Pemain sayap itu telah mengatasi tragedi dan masalah kesehatan mental. Sekarang ia ingin memberikan “satu dorongan terakhir” untuk karier sepak bolanya

Jordon Ibe tidak seharusnya pergi ke taman pada hari itu. Ia mengulangi poin itu beberapa kali ketika mengingat peristiwa 17 Juni 2008. Ibu Ibe telah melarangnya datang ke Tabard Gardens, tetapi ia tetap pergi; bermain sepak bola terlalu menarik bagi anak berusia 12 tahun itu. Hari itu Ibe menyaksikan temannya David Idowu ditikam tepat di jantung. Beberapa minggu kemudian, Idowu meninggal.

“Saya bahkan belum pernah melihat pisau mentega,” kata Ibe. Irama suaranya melambat, kata-katanya begitu lembut sehingga hampir tidak terdengar. “Melihat itu terjadi di depan saya … teman saya tidak menyukai kehidupan seperti itu. Ia ditikam karena ia mengenakan seragam sekolah yang salah. Saya melihatnya dan berlari keluar taman, berlari pulang. Saya ingat melihat diri saya sendiri di berita CCTV.

“Anda tidak benar-benar tahu apa yang harus dilakukan. Saya bahkan belum remaja. Rasanya saya tidak akan mengatakan apa pun kepada ibu saya karena saya tidak seharusnya berada di sana. Dia tidak tahu bahwa saya telah menyaksikan kematian. Saya memberi tahu dia beberapa tahun kemudian.

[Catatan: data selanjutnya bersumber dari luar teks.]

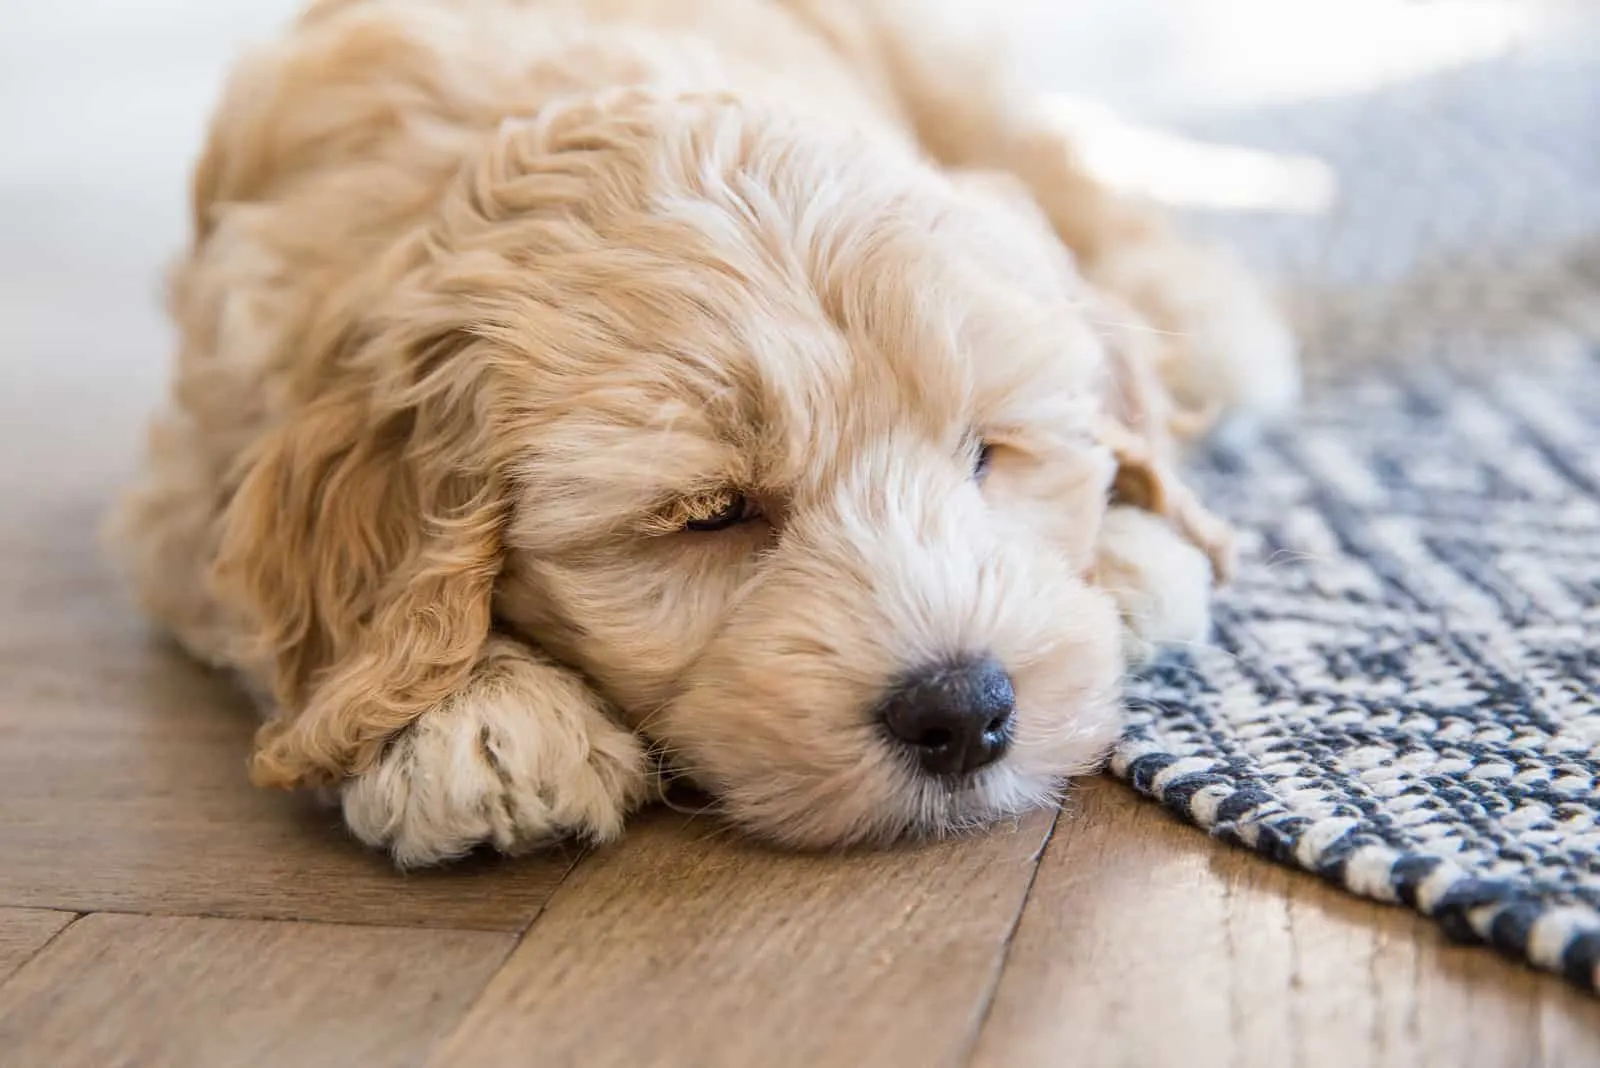 Labradoodle pup inside sleeping on the floor beside a rug

“Saya rasa saya tidak benar-benar memprosesnya sampai saya sedikit lebih dewasa. Saya bahkan tidak pernah terlibat perkelahian di sekolah, tetapi saya pernah menyaksikan sesuatu seperti itu. Itu adalah sesuatu yang tidak akan pernah saya lupakan, tetapi saya tidak pernah benar-benar membicarakannya. Karena masih sangat muda, Anda tidak akan benar-benar memproses trauma seperti itu.”

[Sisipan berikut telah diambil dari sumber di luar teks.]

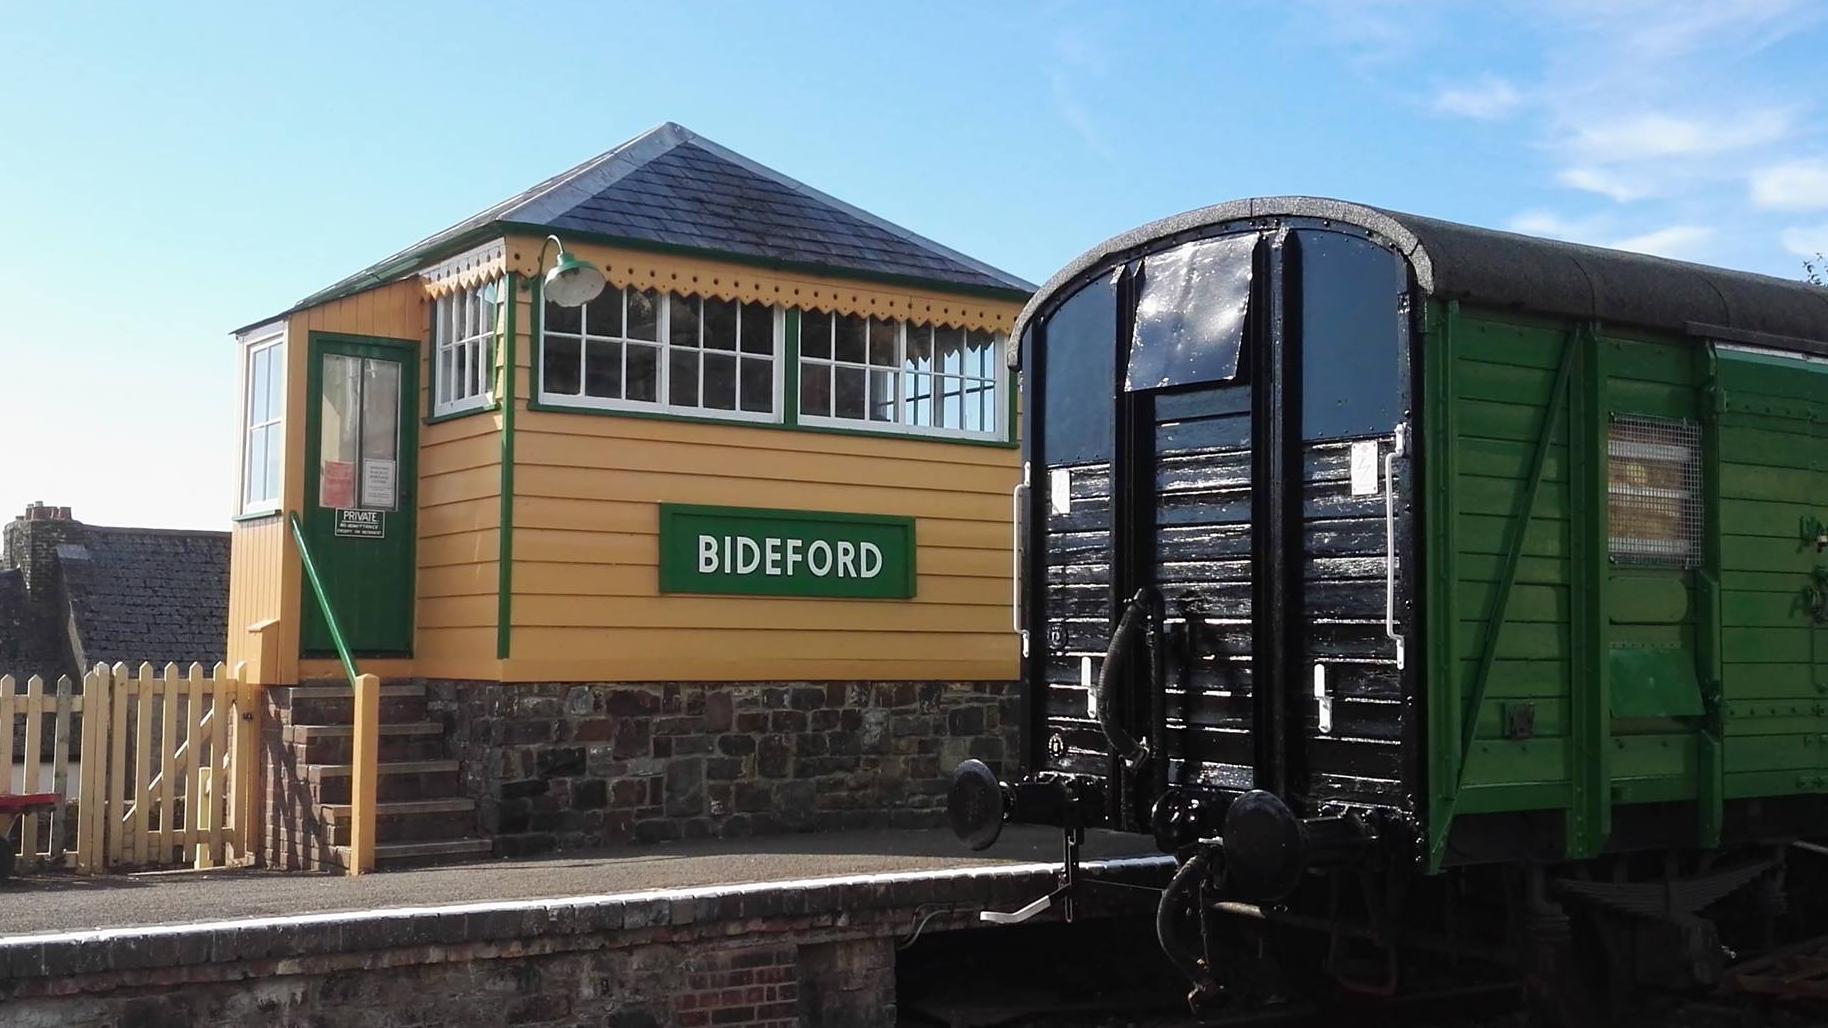 Bideford Railway Heritage Centre

Ibe tidak datang ke wawancara ini dengan maksud untuk berbicara tentang tragedi itu, dia juga tidak mengangkatnya untuk membangkitkan simpati. Hal itu muncul secara alami selama percakapan yang luas dan terbuka tentang kesehatan mental dan kecemasan, Ibe beralih ke masa kecilnya setelah menceritakan perampokan dengan todongan senjata pada usia 20 tahun. Dia telah dibuntuti dari sebuah hotel di London suatu pagi dan, ketika dia tiba di Surrey Quays, mobilnya ditabrak. Saat itu jam makan siang, siang bolong. “Saya keluar tanpa menyadari siapa yang ada di dalam mobil,” katanya. “Mereka mengenakan penutup kepala. Salah satu dari mereka menempelkan parang ke dada saya dan berkata: ‘Jika kamu bergerak, saya akan menusukmu.’ Semuanya terjadi begitu cepat tetapi lambat pada saat yang bersamaan. Pantat saya yang konyol mencoba melarikan diri dan penumpang itu mengeluarkan pistol.”

Kedua insiden tersebut merupakan batu ujian dalam kehidupan Ibe. Dampaknya tidak dapat diukur, meskipun ia ingat bersembunyi di semak-semak saat masih kecil untuk menghindari bertemu orang yang salah dan menyewa keamanan setelah perampokan. Namun, hal itu tidak mengurangi kepercayaannya pada kemanusiaan, atau keinginannya untuk menjadi orang baik. Ambil contoh cerita yang tidak banyak diketahui tentang masa pemain sayap itu di Bournemouth. Ibe mengobrol dengan seorang pria tunawisma yang telah berpisah dengan istrinya dan kehilangan kontak dengan anak-anaknya. Ibe membawanya pulang, memasukkan beberapa tas penuh pakaian, menitipkan pria itu ke hotel selama beberapa minggu dan membelikannya ponsel sehingga ia dapat menghubungi anak-anaknya.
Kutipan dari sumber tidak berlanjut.